Mannkind Inc. late Thursday reported a smaller-than-expected fourth quarter loss, but said it would lay off 41 percent of its employees as it focuses on obtaining regulatory approval for its inhaled diabetes drug Afrezza.
The U.S. Food and Drug Administration last month told the Valencia biotech that it wouldn’t approve Afrezza until the company conducted additional human studies. Those studies could delay the drug hitting the market by two years.
Roughly 180 people may be affected by the layoffs. The company most recently said it had more than 400 employees in Valencia and other sites.
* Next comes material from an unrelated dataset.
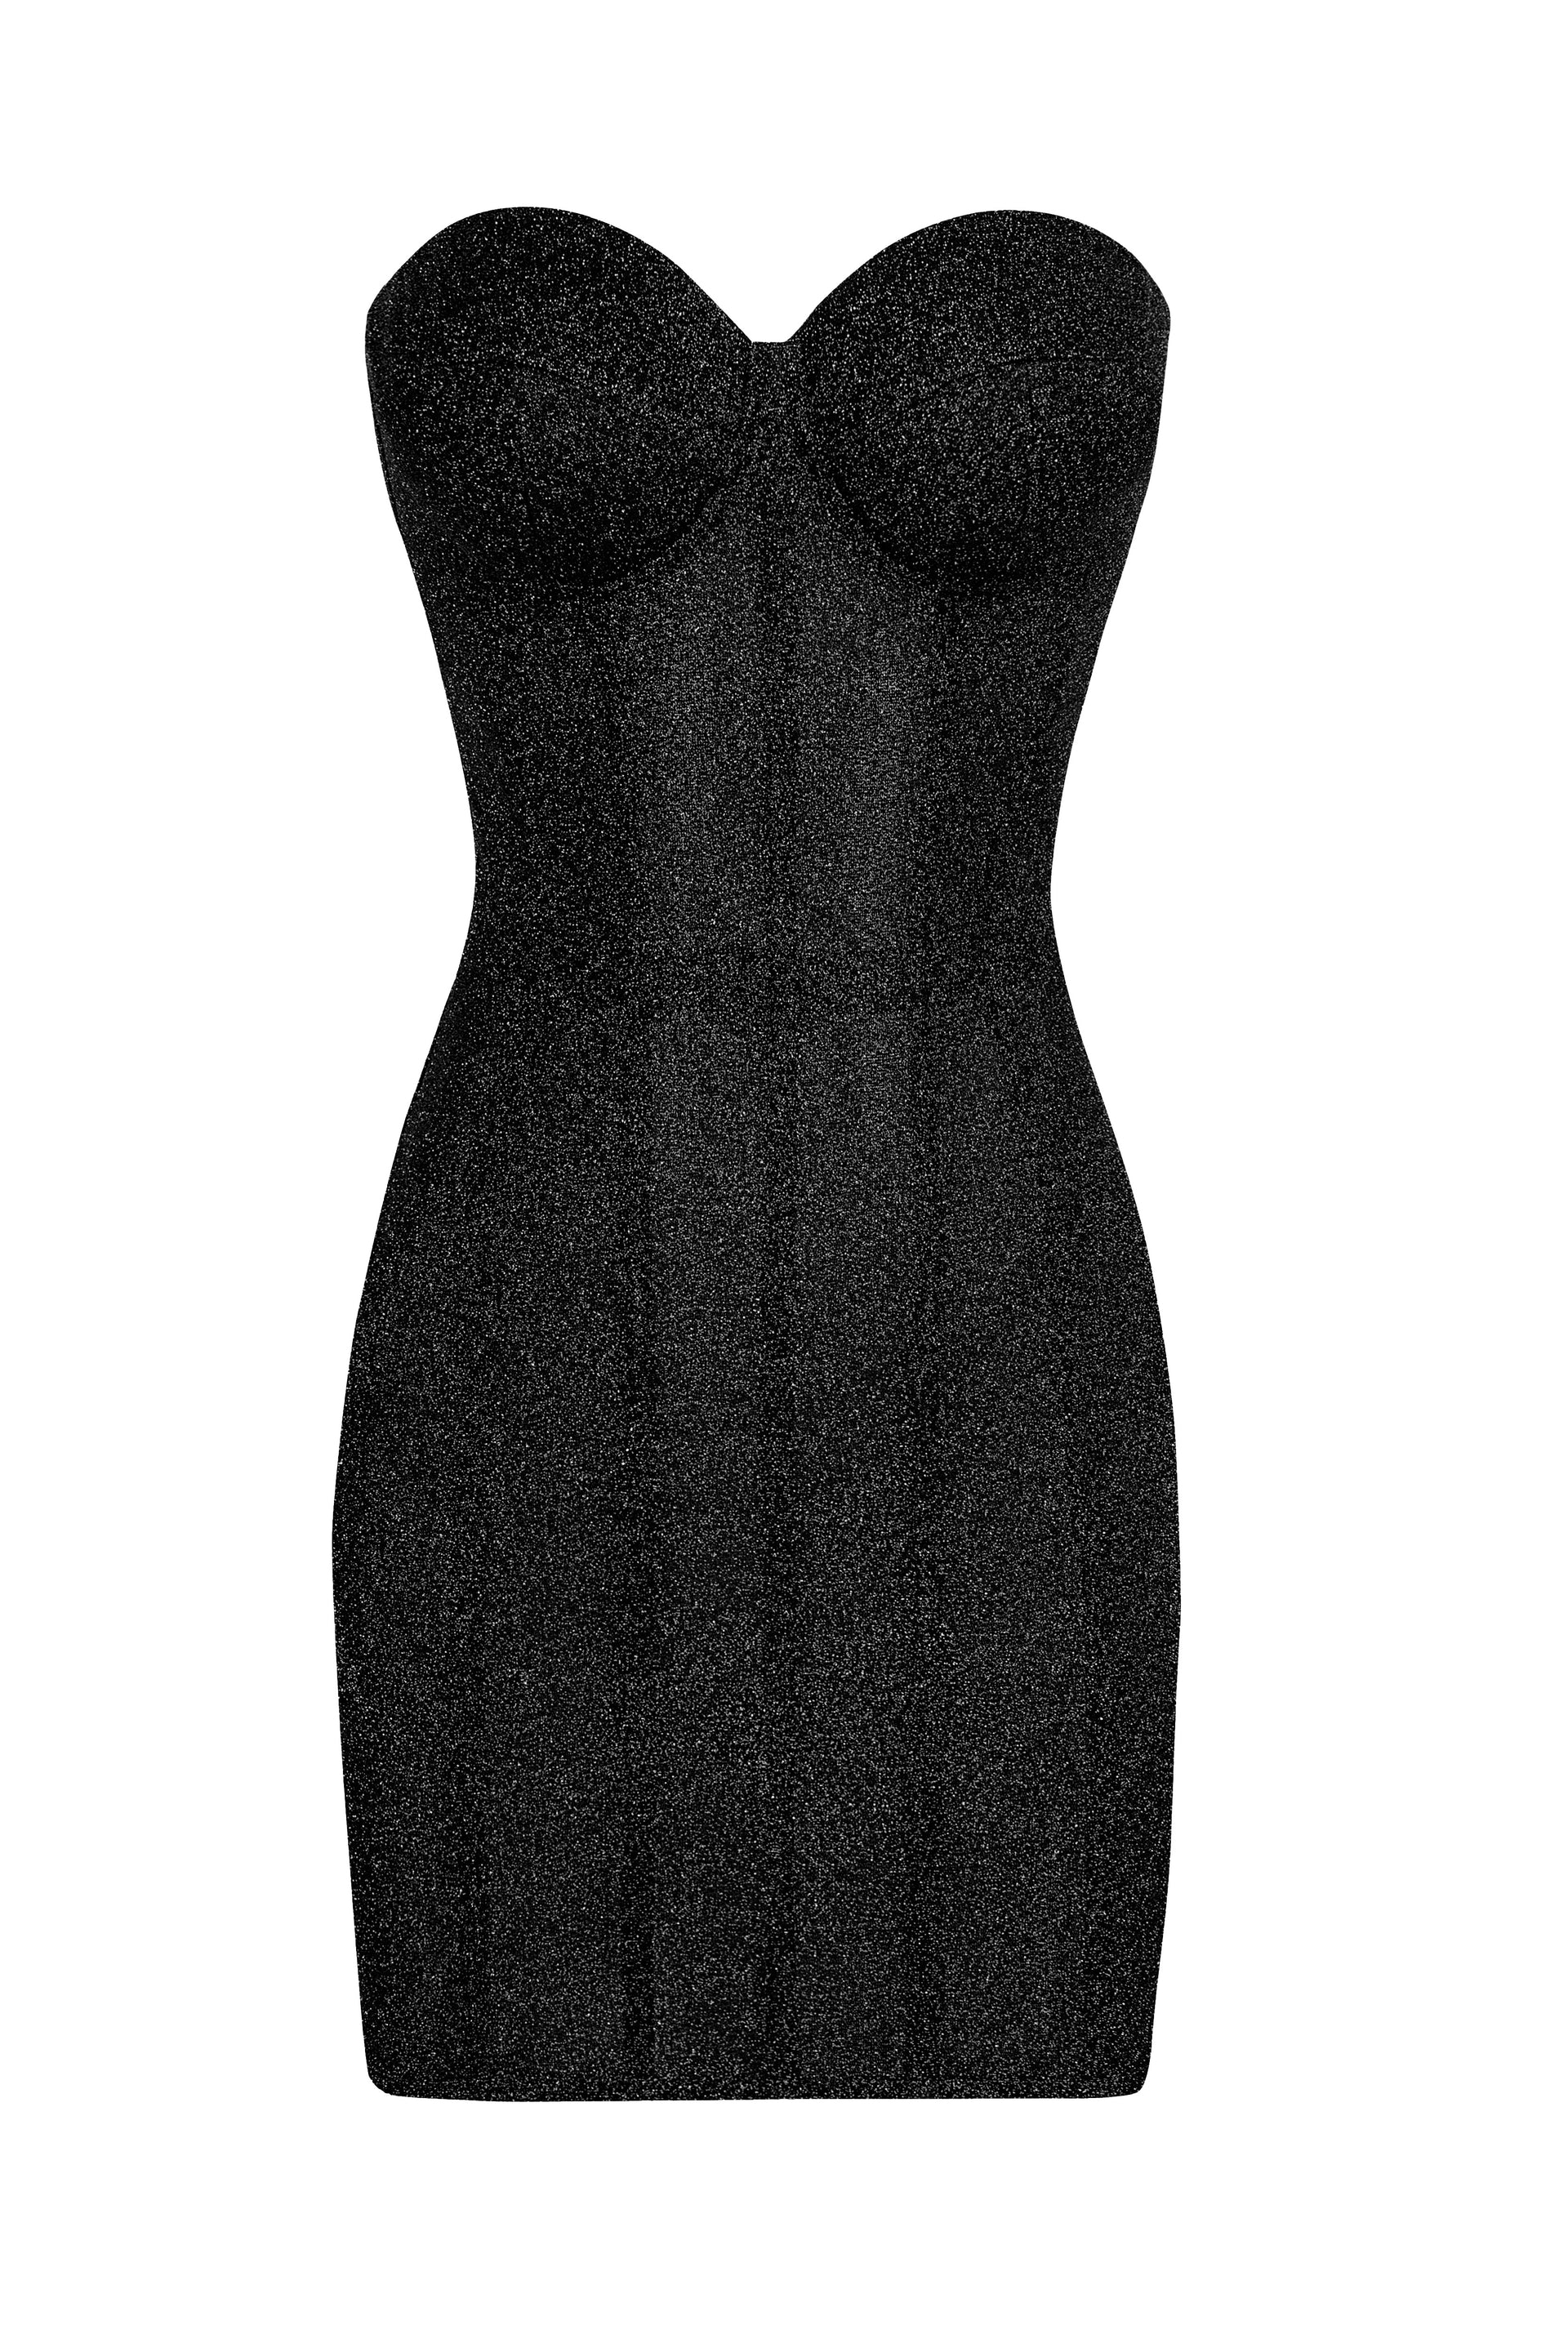 Brilliance drop black dress

“We are restructuring our organization to be focused on securing the approval of Afrezza,” said founder and Chief Executive Alfred Mann in a statement.
MannKind had about three fiscal quarters worth of cash at the end of last year, and executives have been considering a variety of actions to stretch funds and raise money to get over the regulatory hump. The studies will largely compare an inhaler device the company first submitted for approval with a newer, smaller version submitted last summer.
After markets closed on Thursday, Mannkind reported a net loss of $38.3 million (-33 cent per share) and no revenue. Analysts had expected a 40-cent loss. A year earlier, the company reported a $59.5 million (53 cents) loss.
Shares earlier closed down 8 cents, or 1.6 percent, to $5.06 on the Nasdaq.